任昭从镜子里看了任竟修一眼,他站在旁边耳朵都红了。"他不想回家,你硬拉他回去也没用。他要是想走,自己会走。"
任昭镜沉默了一会儿,说:"我不是来拉他回去的。"她顿了顿,"我来看看他过得怎么样。顺带剪个头发。"
江渝洛没再说什么,开始给她剪头发。她的动作很利落,咔嚓咔嚓的声音在安静的店里响着。

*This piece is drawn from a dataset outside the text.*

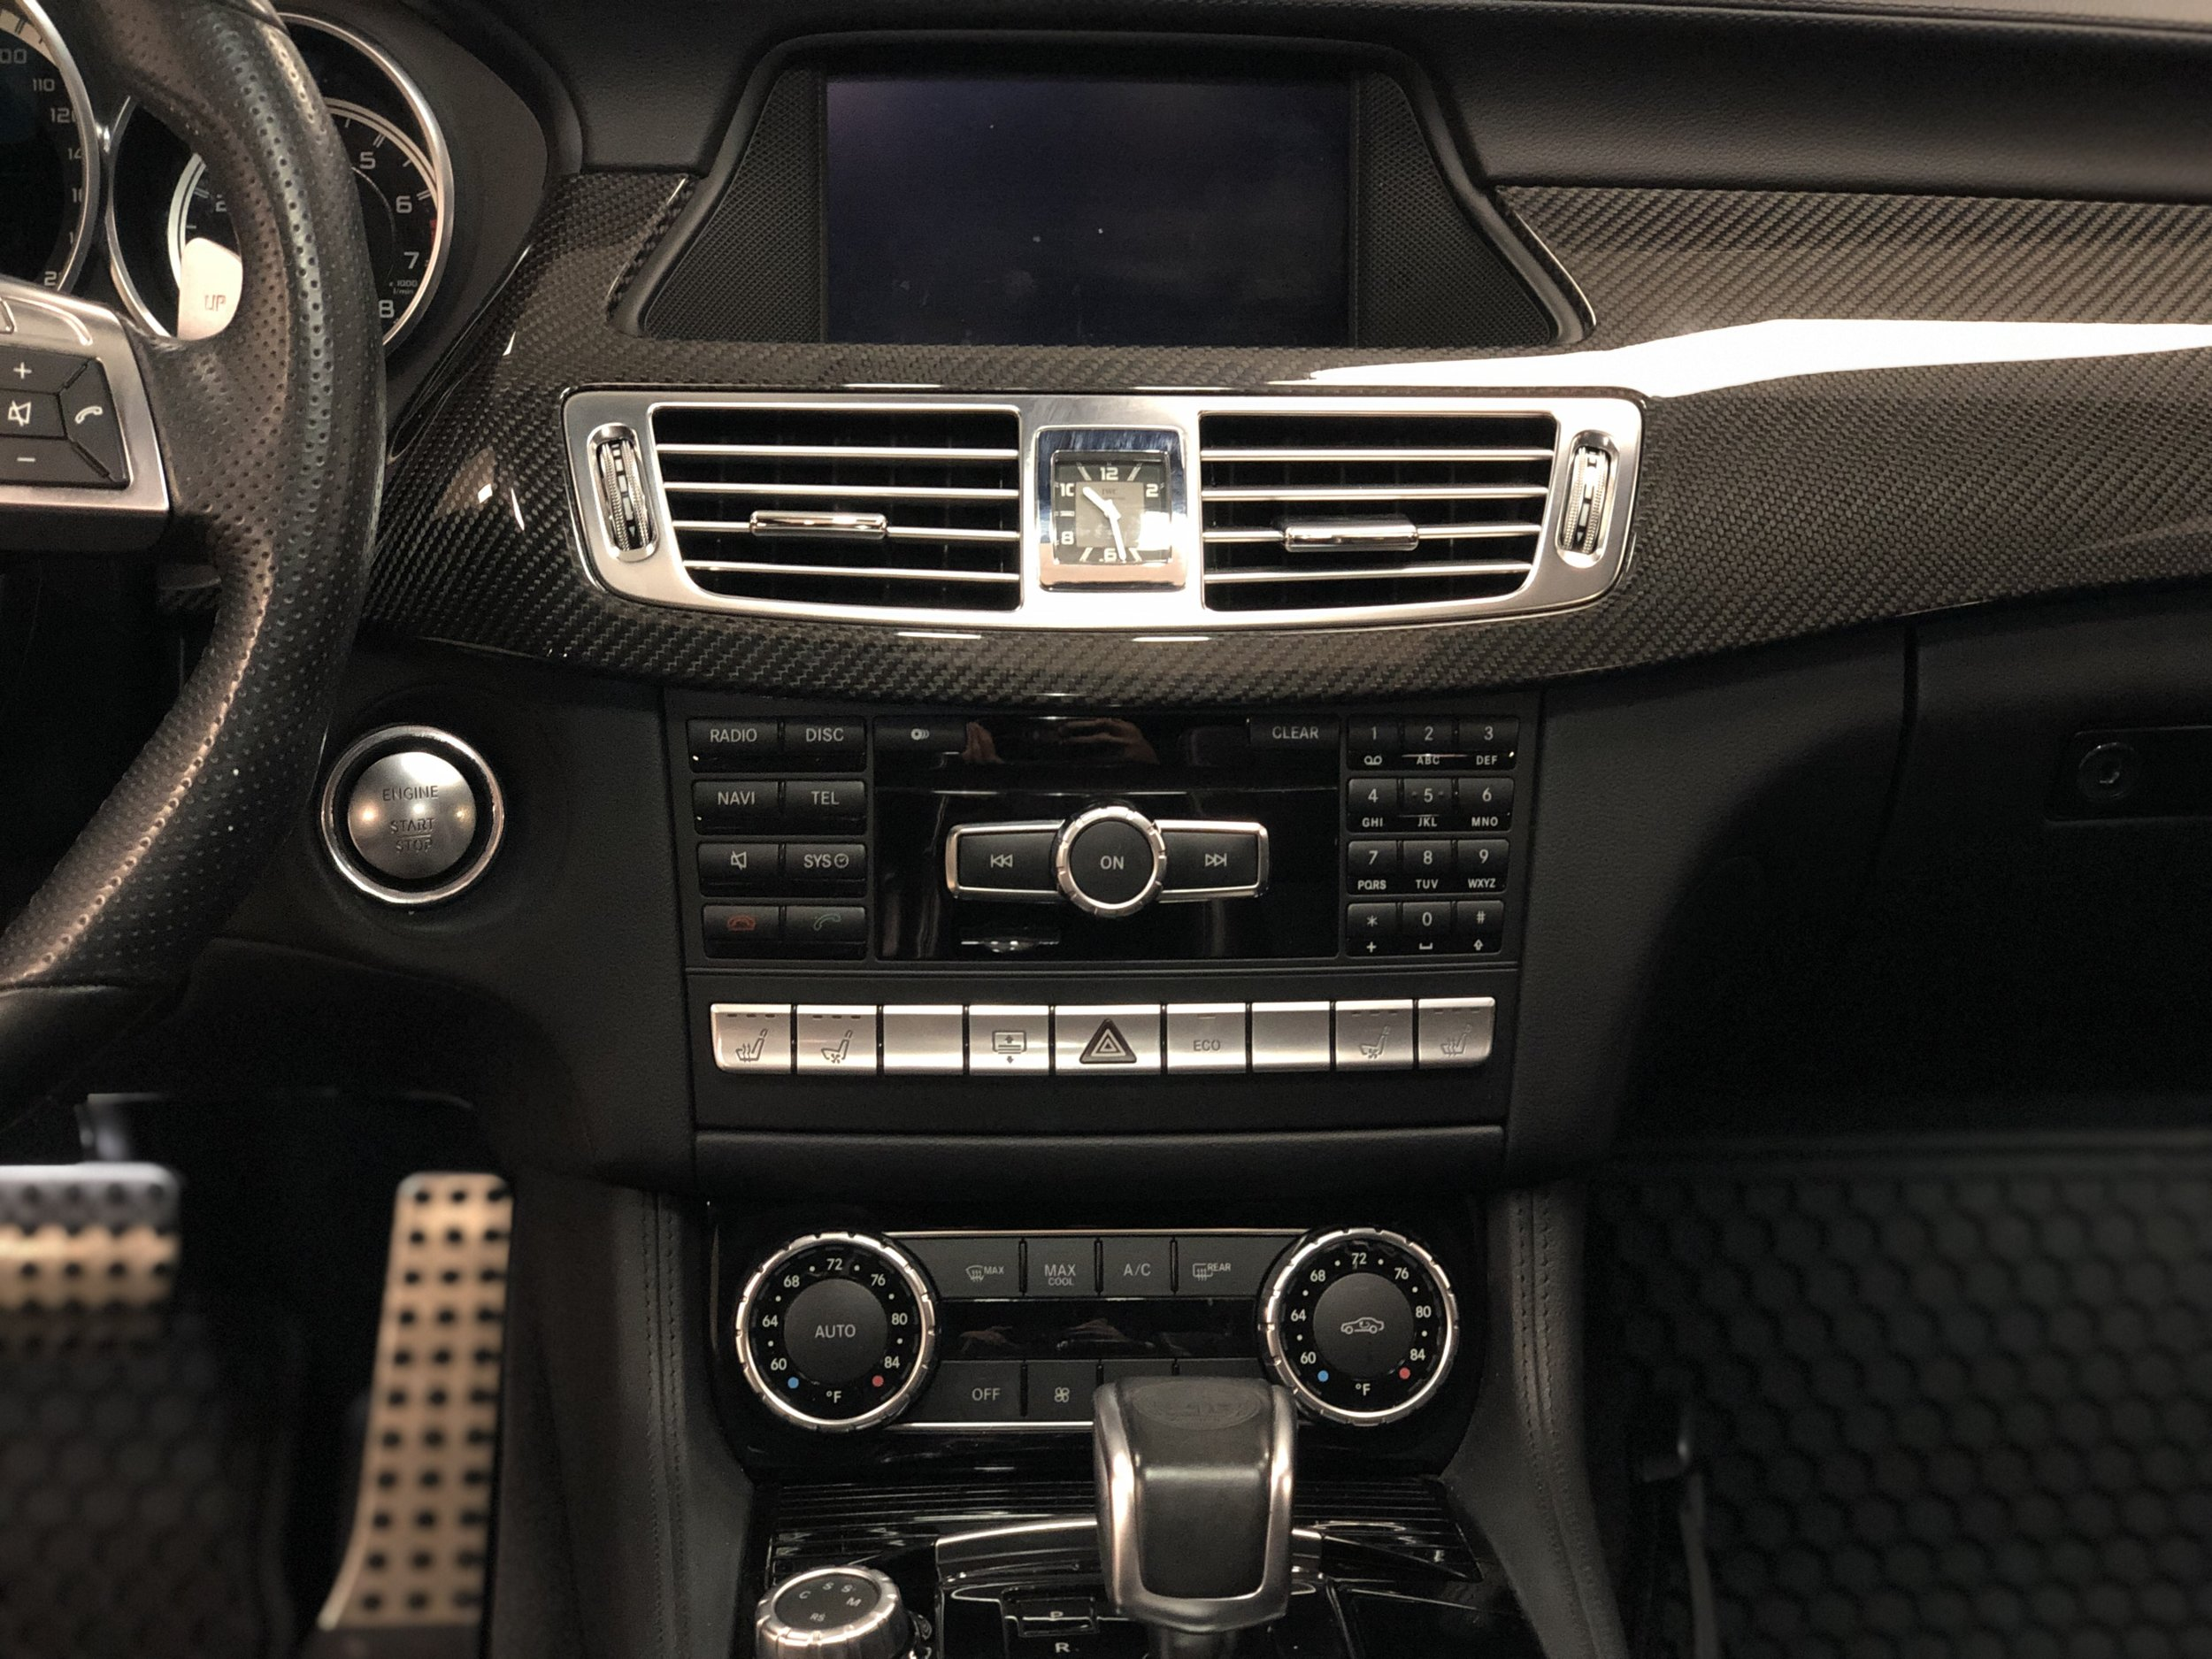 2012 Mercedes-Benz CLS 63 RENNTECH Front Interior

任昭镜全程没有说话,也没有再往任竟修那边看,只是闭着眼睛任由剪刀在耳边响。剪完之后江渝洛拿小镜子从后面照给她看,任昭镜看了看镜子里自己的新发型,说了一句"不错",站起来付了钱。她走到门口的时候停了一下,回头看了一眼任竟修,说了一句话:"头发该剪了。"然后推门走了。
任竟修站在店里,看着她姐的背影消失在巷口,然后低头看了看自己手里的梳子,又看了看地上的碎头发——有一部分是他姐留下的,黑色的,很细软,散落在一堆白发和灰发中间。他蹲下去把那些头发扫进簸箕里,没有多说什么。
那天收工之后,江渝洛坐在理发椅上,看着任竟修在角落收拾工具。她把围布解开叠好,忽然说:"你姐跟你长得挺像的。"任竟修没接话。
"不过你姐比你好看。"江渝洛又说了一句。
任竟修这才闷闷地回了一声:"我们家长得都好看,除了我。"
江渝洛被他这句话逗笑了,笑得不明显,但确实笑了一下。
她从抽屉里拿出一把新剪刀——刀刃是亮银色的,握柄缠着防滑胶带,一看就不是旧货市场淘来的那种。她递给任竟修:"拿着。以后你用这把。"
任竟修接过来,握在手里,剪刀比他想象中的轻,刀刃锋利,开合的时候几乎没有声音。他把剪刀攥在手心,攥了好一会儿,说:"这要多少钱?”
"别管多少钱,"江渝洛说,"好好练。"
任竟修把剪刀放进围裙前面的兜里,兜有点浅,剪刀手柄露在外面一小截,像一把还没出鞘的小刀。
他低头看了看那个露出来的手柄,嘴角动了一下,然后又板回了那张"老子干活很认真"的脸。